Dataset content:

..........

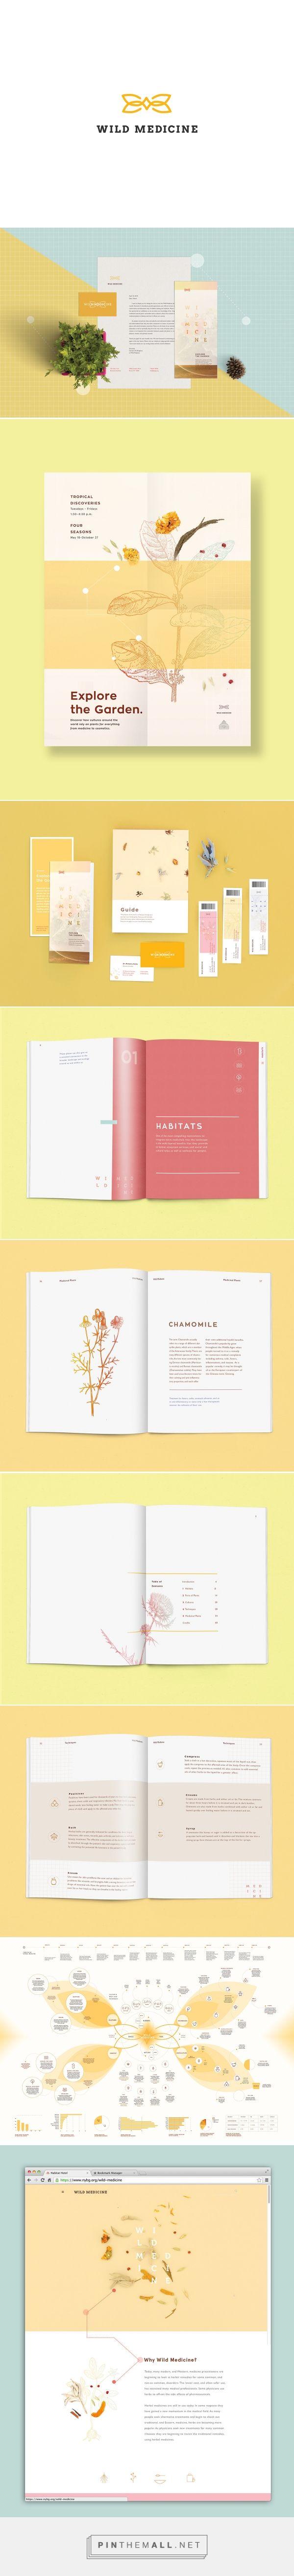 Wild Medicine Branding by Grace Kuk on Behance
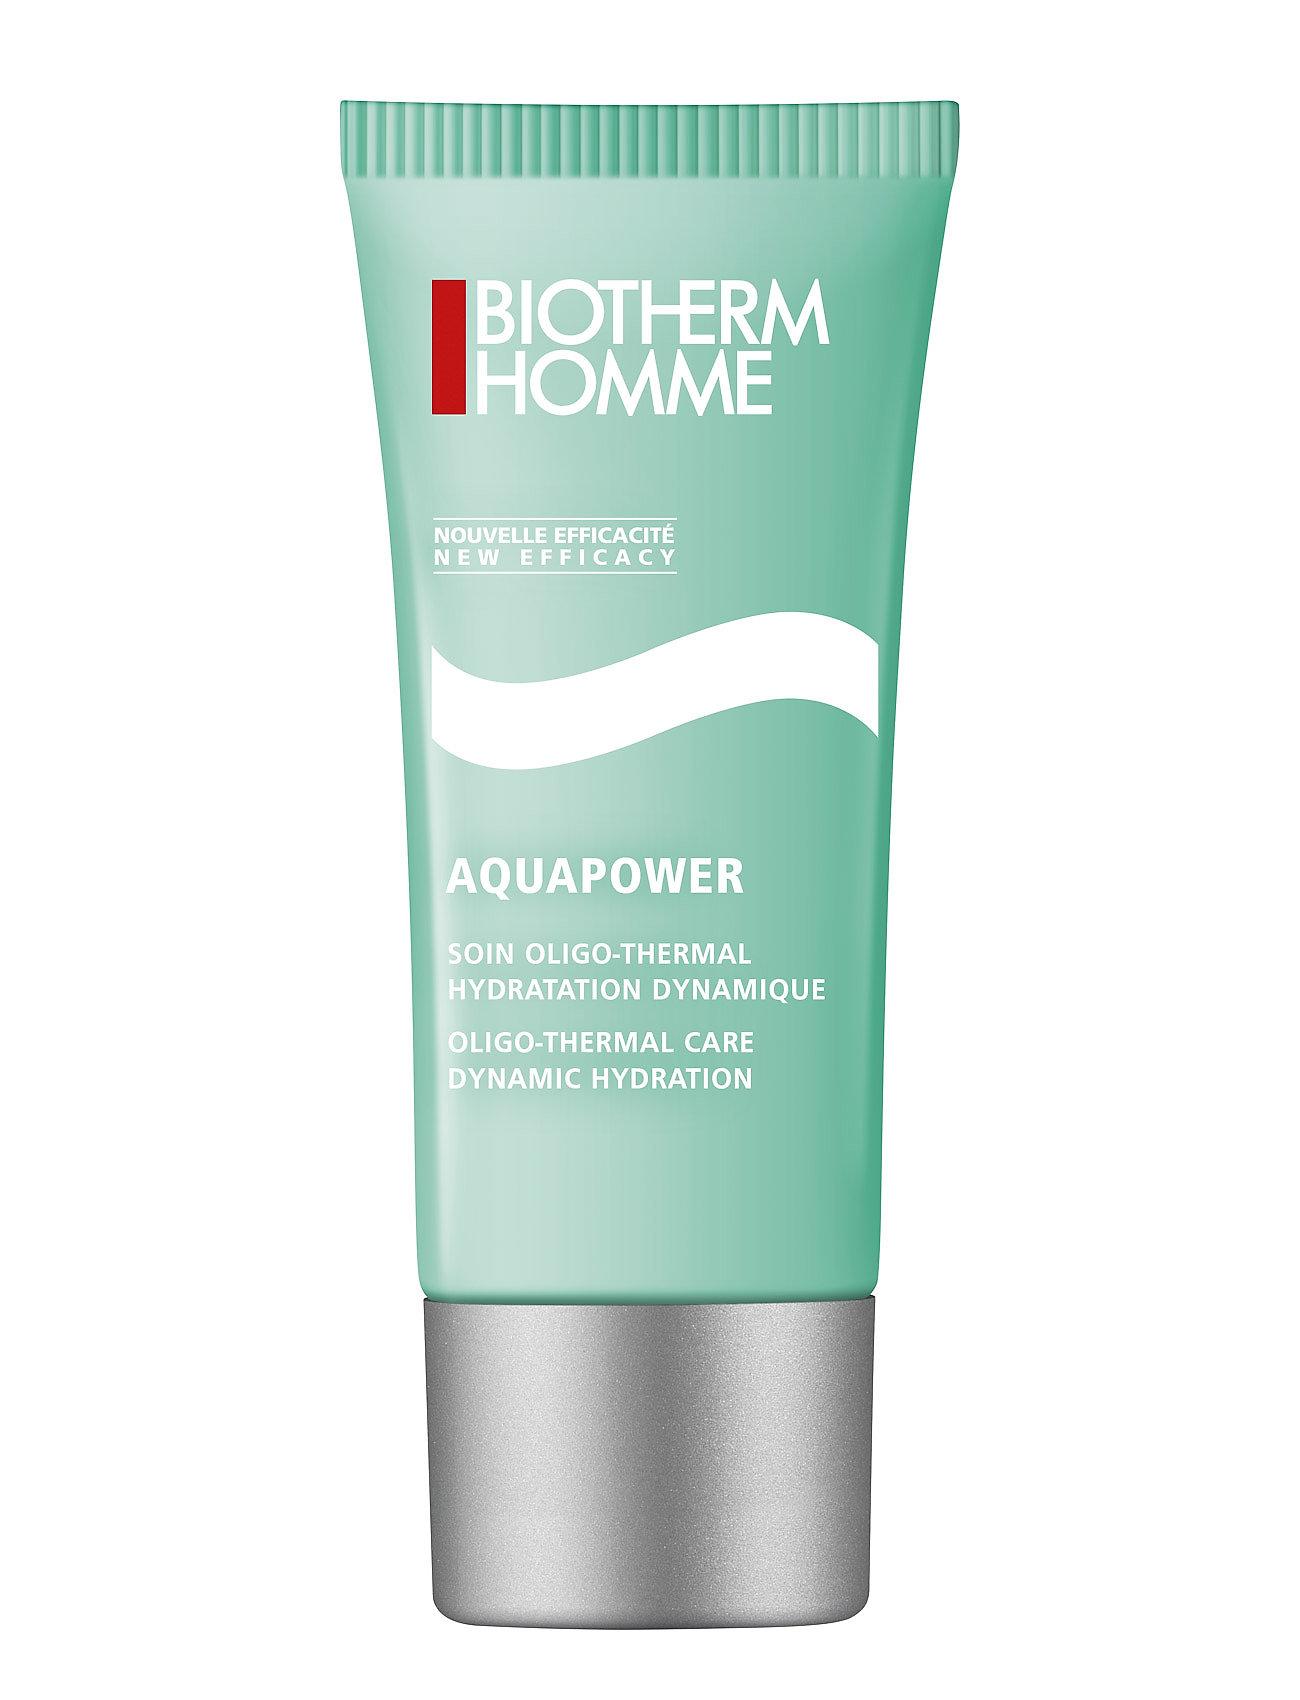 biotherm – Aquapower pnm 30 ml på boozt.com dk
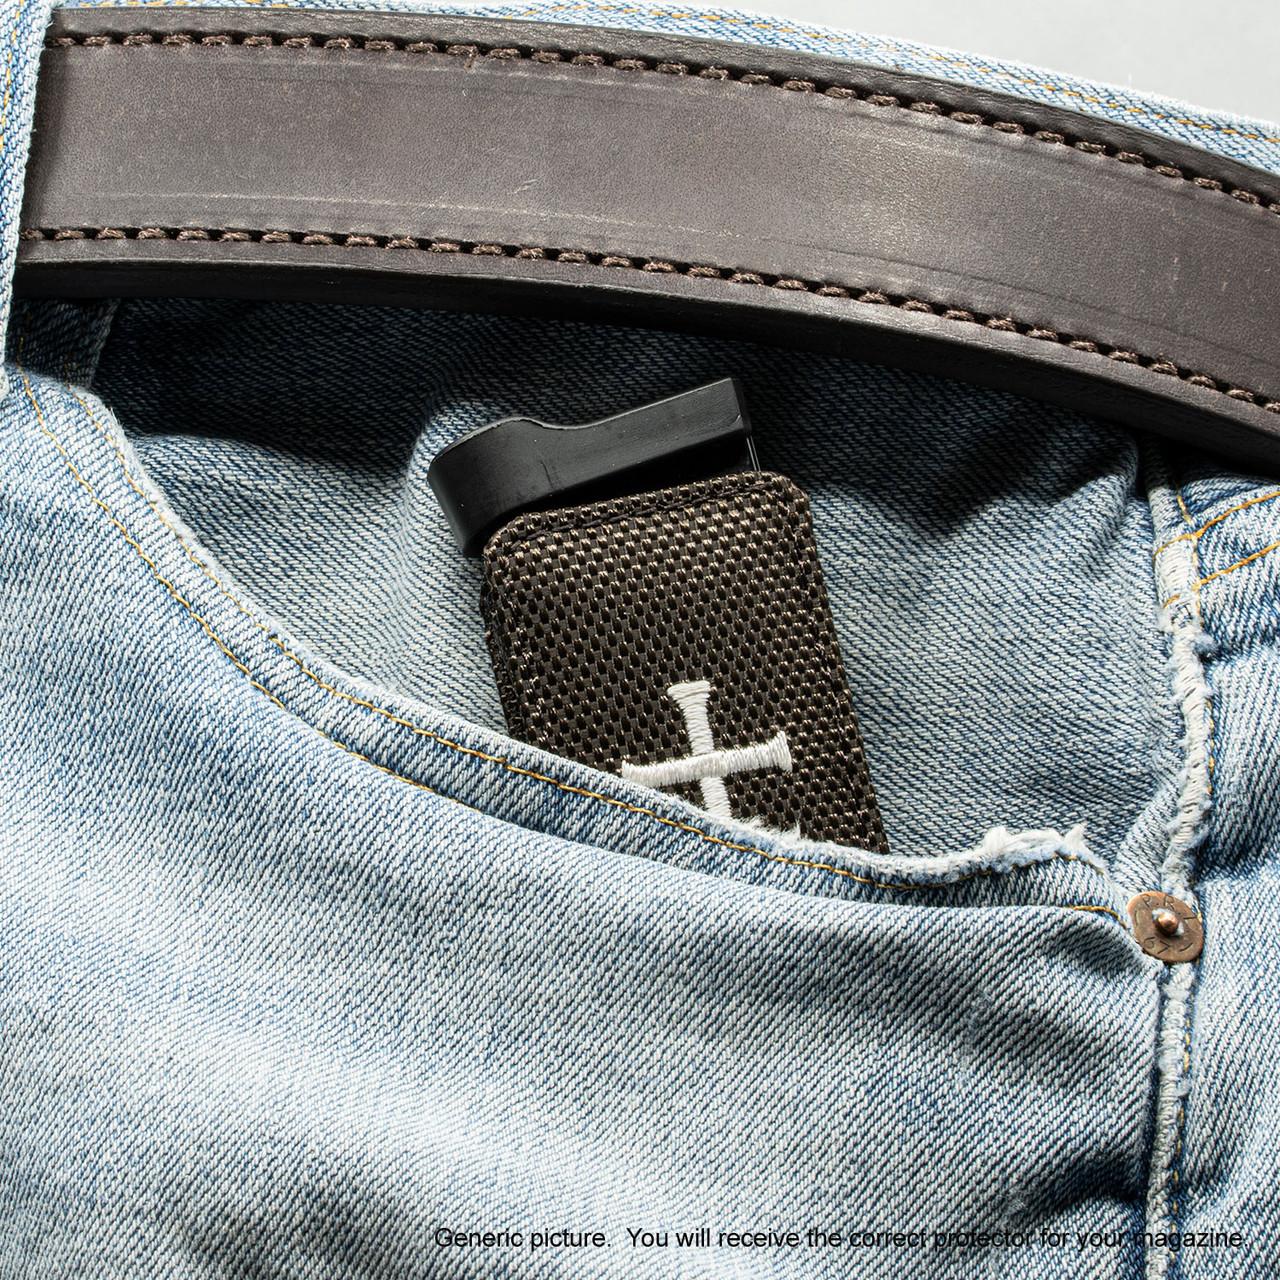 Sphinx SDP Compact Brown Cross Magazine Pocket Protector

..........

Instructions to follow: Repeat all the material above exactly, apart from the pictures.

Response to this exercise:
 Wild Medicine Branding by Grace Kuk on Behance
 biotherm – Aquapower pnm 30 ml på boozt.com dk
 Sphinx SDP Compact Brown Cross Magazine Pocket Protector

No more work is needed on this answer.